- The Washington Times - Sunday, June 26, 2011

CHICAGO | When Danny Espinosa came to the plate in the seventh inning Sunday, Chicago White Sox pitcher Philip Humber had faced 23 batters. Only one had a hit.

Espinosa, who had flied out and walked in his previous two at-bats, wasted no time. He connected with the first pitch Humber offered and watched it sail down the right-field line, a sure home run. First baseman Michael Morse, who had walked ahead of Espinosa, had reached third base when the official word came down: foul.

“Get back in the box and get a pitch and try to get a base hit,” Espinosa told himself. The next pitch wasn’t it. Too low to be a strike, Espinosa didn’t offer. But as Humber’s 85 mph slider barreled down the middle of the plate, lower than the changeup he’d pulled foul, Espinosa had found the one.

There was no ambiguity about the landing spot, which was several rows behind the visitors’ bullpen in right field. The Nationals’ second hit gave them a 2-1 lead they would not relinquish behind another stellar pitching performance.
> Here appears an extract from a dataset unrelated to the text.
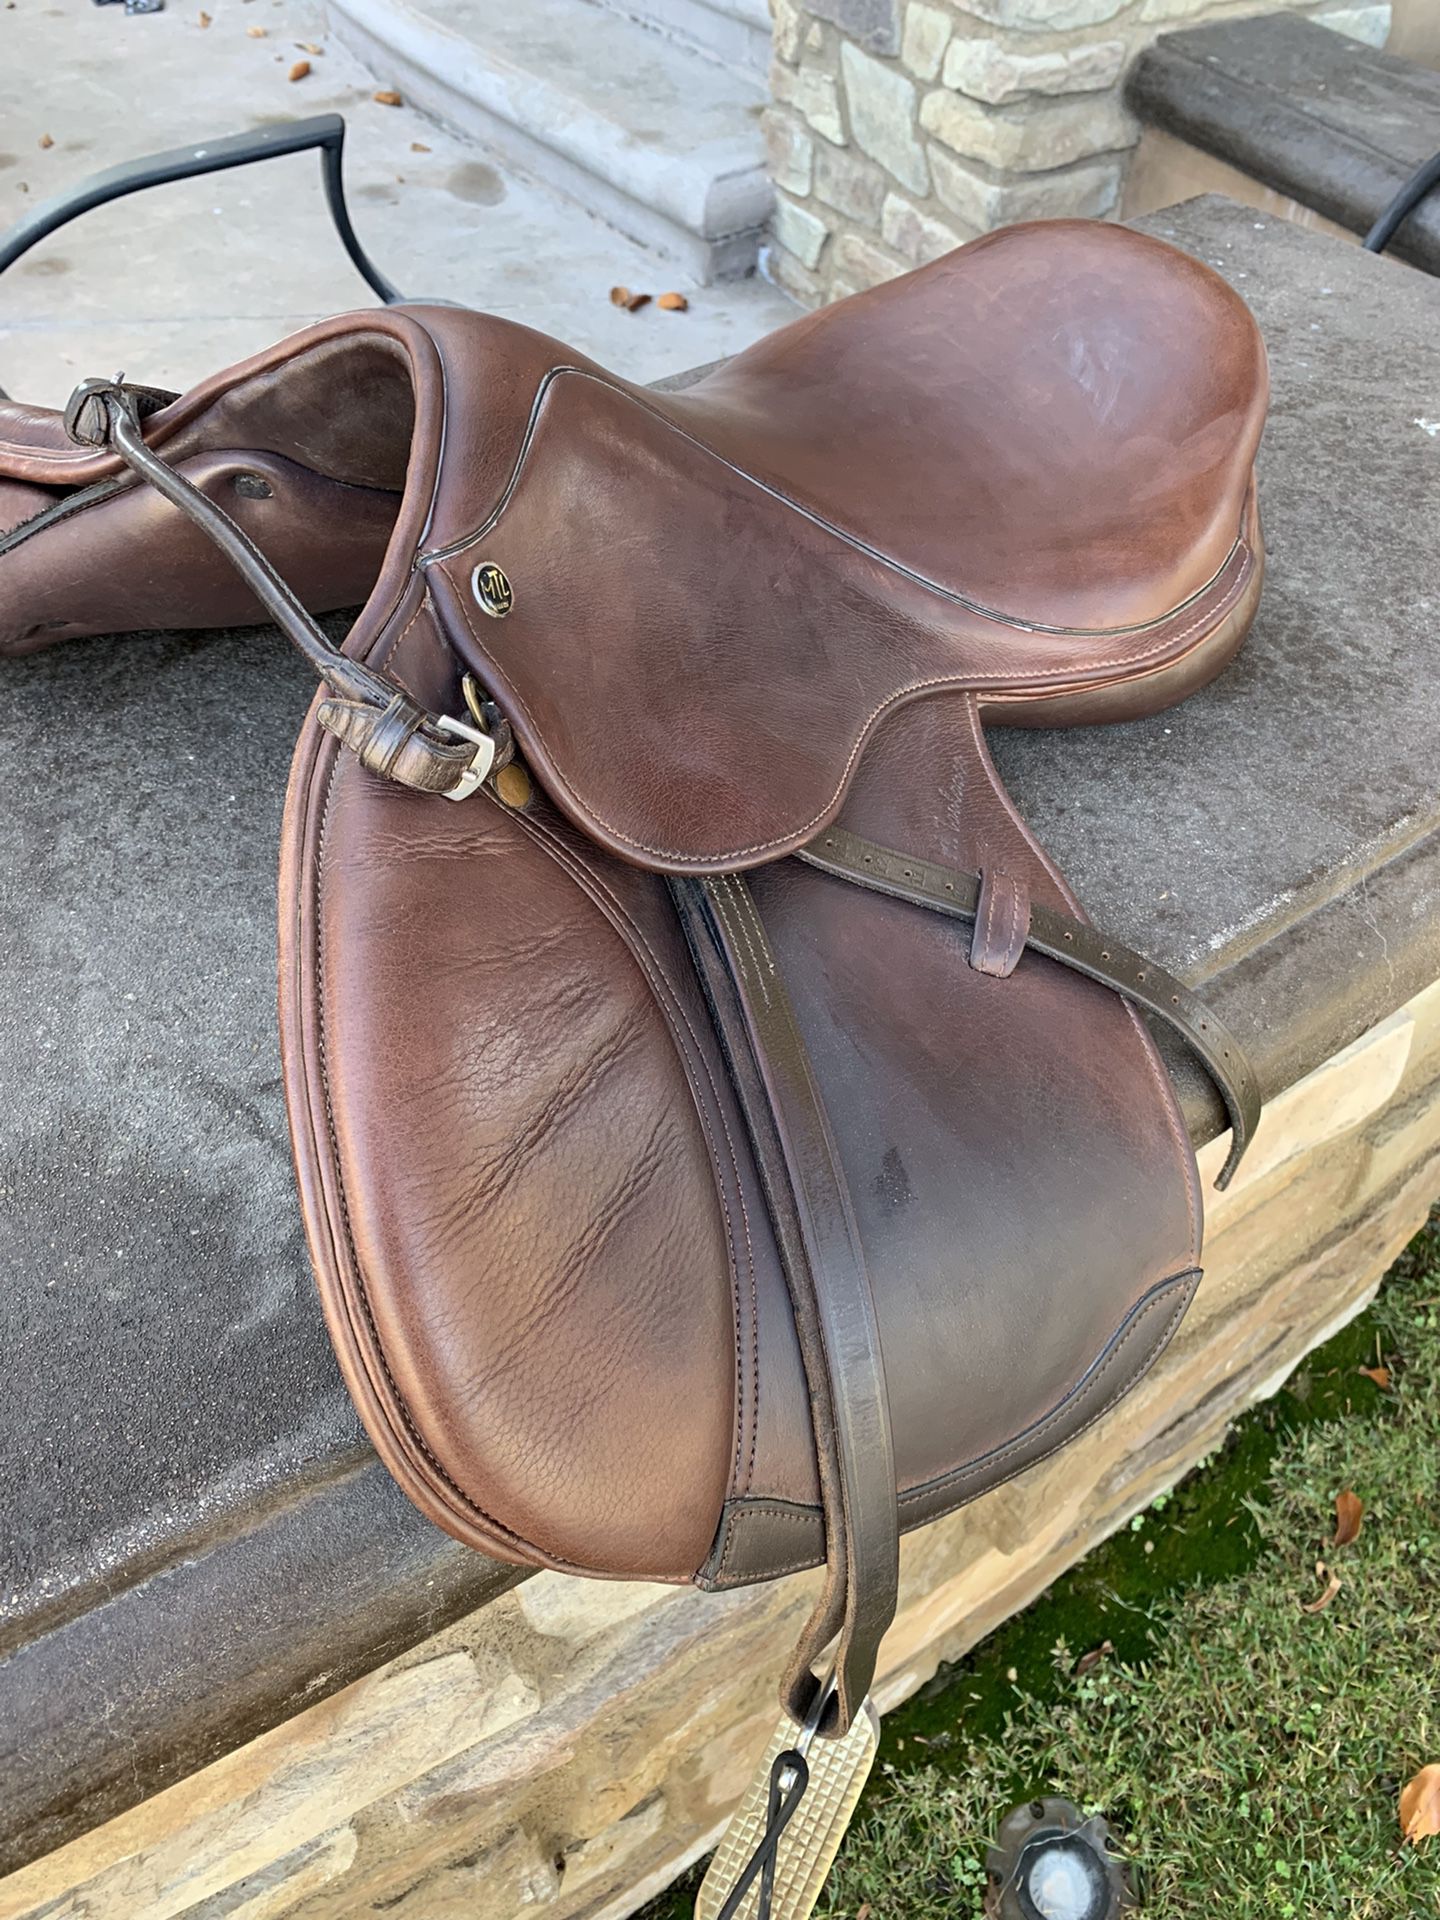 Horse saddle and riding gear

When John McLaren’s final game as interim manager was in the books, his team had put up three hits and still won their 13th game in the past 15. They haven’t lost two in a row since June 8 and 9.

“He hit one foul, and I looked at the little guy [White Sox manager Ozzie Guillen] across the field and he’s kind of nodding,” McLaren said. “And boom, he hit it again.
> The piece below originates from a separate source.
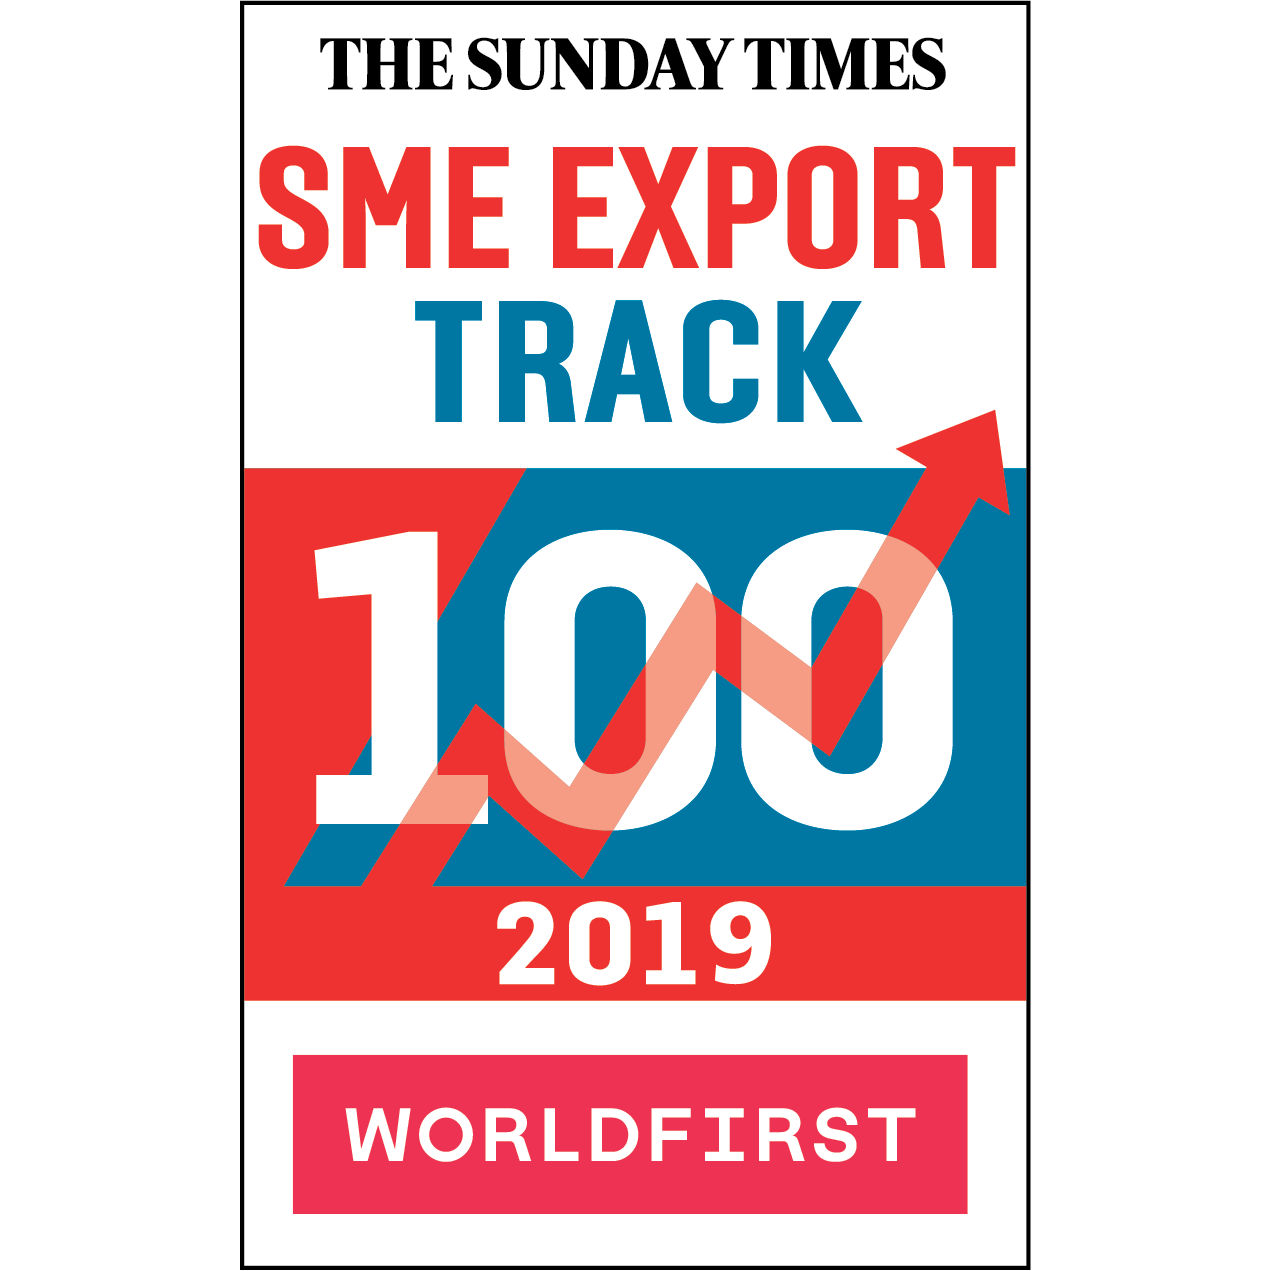 Sunday Times SME Export Track 100 badge

“Danny’s improved a lot, trust me. This guy’s batting average is going way up. To me, he’s got to be thought of as a Gold Glove second baseman … They have a good nucleus. There’s vision here, and it’s starting to come together and I think the fans of Washington deserve this because it’s been a long time.”

McLaren began the emotional end to a tumultuous four days this morning by saying goodbye, calling small groups of players into his office. Then Livan Hernandez allowed one run in 6 2/3 innings with nine strikeouts - his highest total in nearly seven years. Espinosa added the swing that sent him out a winner.

“The John McLaren era is over in Washington,” McLaren said with a smile. “Is three games an era?”

“Well, if I never manage again,” he added, “I won.”

The Nationals’ offense certainly has awoken this month, but they won Sunday using a familiar formula: pitching and defense.

Washington won its eighth game this month when scoring two or one runs a mark that’s a testament to a pitching staff that has a 2.59 ERA in June.

“This is what we do here,” Hernandez said. “We play hard for nine innings. That’s it. This is what we do now.”